It seems that almost every true thing about the Christian faith rides on a teeter-totter, a see-saw. The Bible is full of paradoxes: we are saved not by works but by grace alone, but saved people must work; we are called to hate sin, but we must love the sinner; the kingdom of God has come, but it is not yet fully here; Jesus Christ is at the right hand of the Father, but He lives in every true believer. Each of those pairings is true; the Bible says so.
To be truly balanced on the see-saw of God’s Word, one must
stand directly over the center with one foot on either side. Plunk down on
either the right or the left, and what was true slides down toward error. The
Word of God is our primary source of revelation about who God is and what He
desires of His people. Yet, if we are not careful, we can become so focused on
the Scripture that we forget its purpose is to increase our knowledge of God,
not to make us biblical scholars. As Sue
Schlesman said on Crosswalk, “Spiritual growth depends on the quest
for intimacy with God, not the quest for information about God.”

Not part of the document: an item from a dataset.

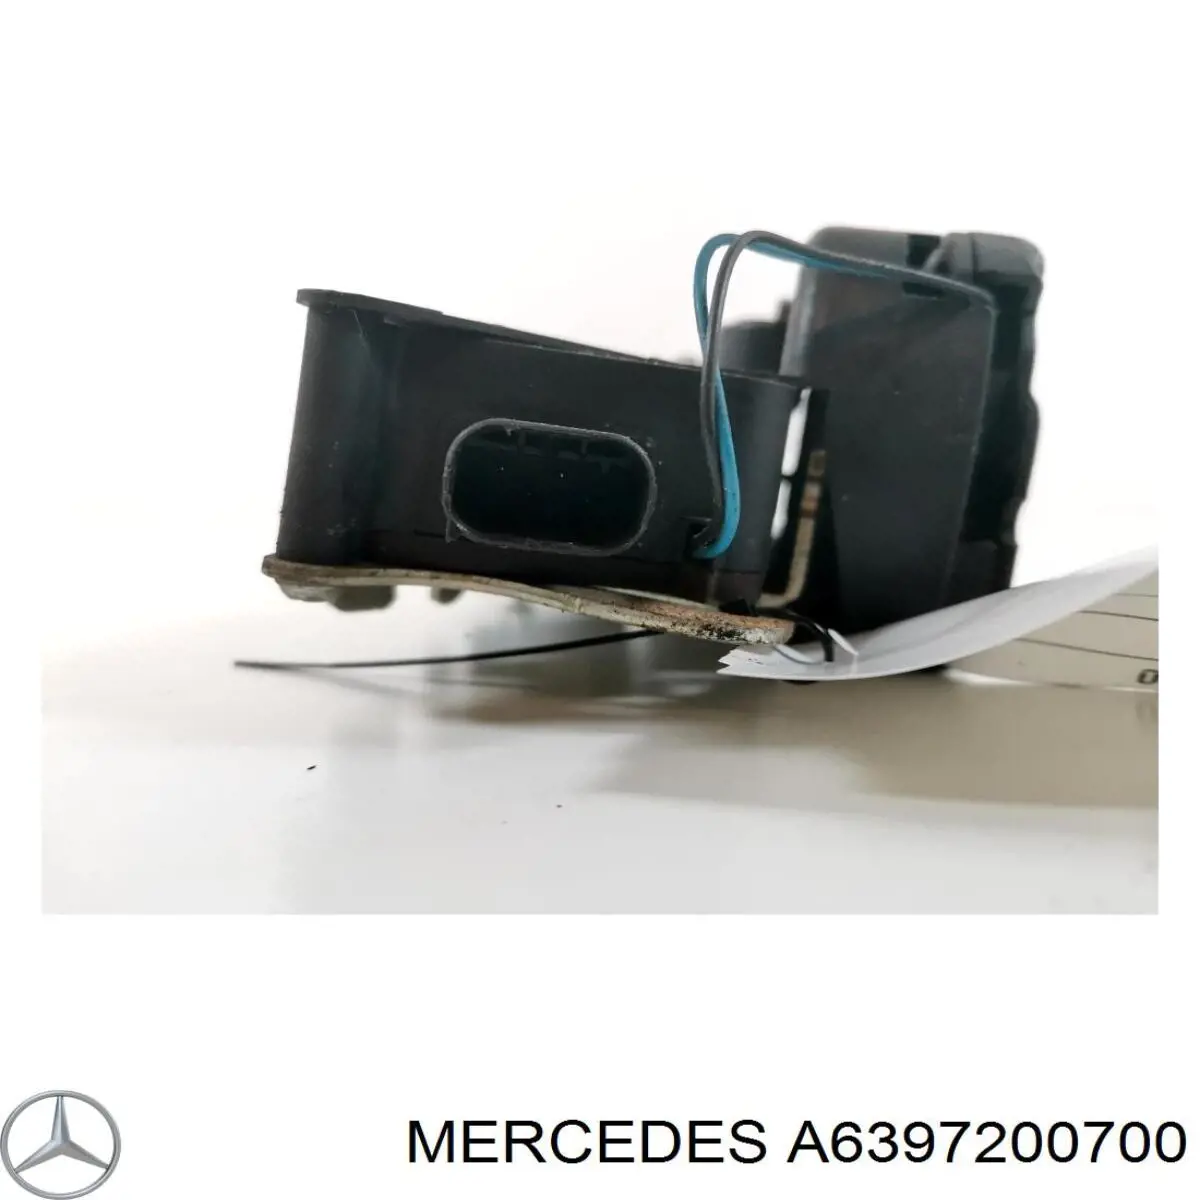 6397201635 Mercedes cerradura de puerta delantera izquierda

Strange as it may seem, too much attention to the text of
Scripture may prevent us from seeing the God Who inspired the Scripture. There
are many examples of this, some can be found in the Bible itself. Listen to the
Roman argument about God’s grace: if our sin brings God’s grace, let’s sin
more so we get more grace. That may be a correct calculation, but it directly
contradicts the message Paul was trying to teach. If we really know God and
understand His grace, we will avoid anything that offends the God of grace.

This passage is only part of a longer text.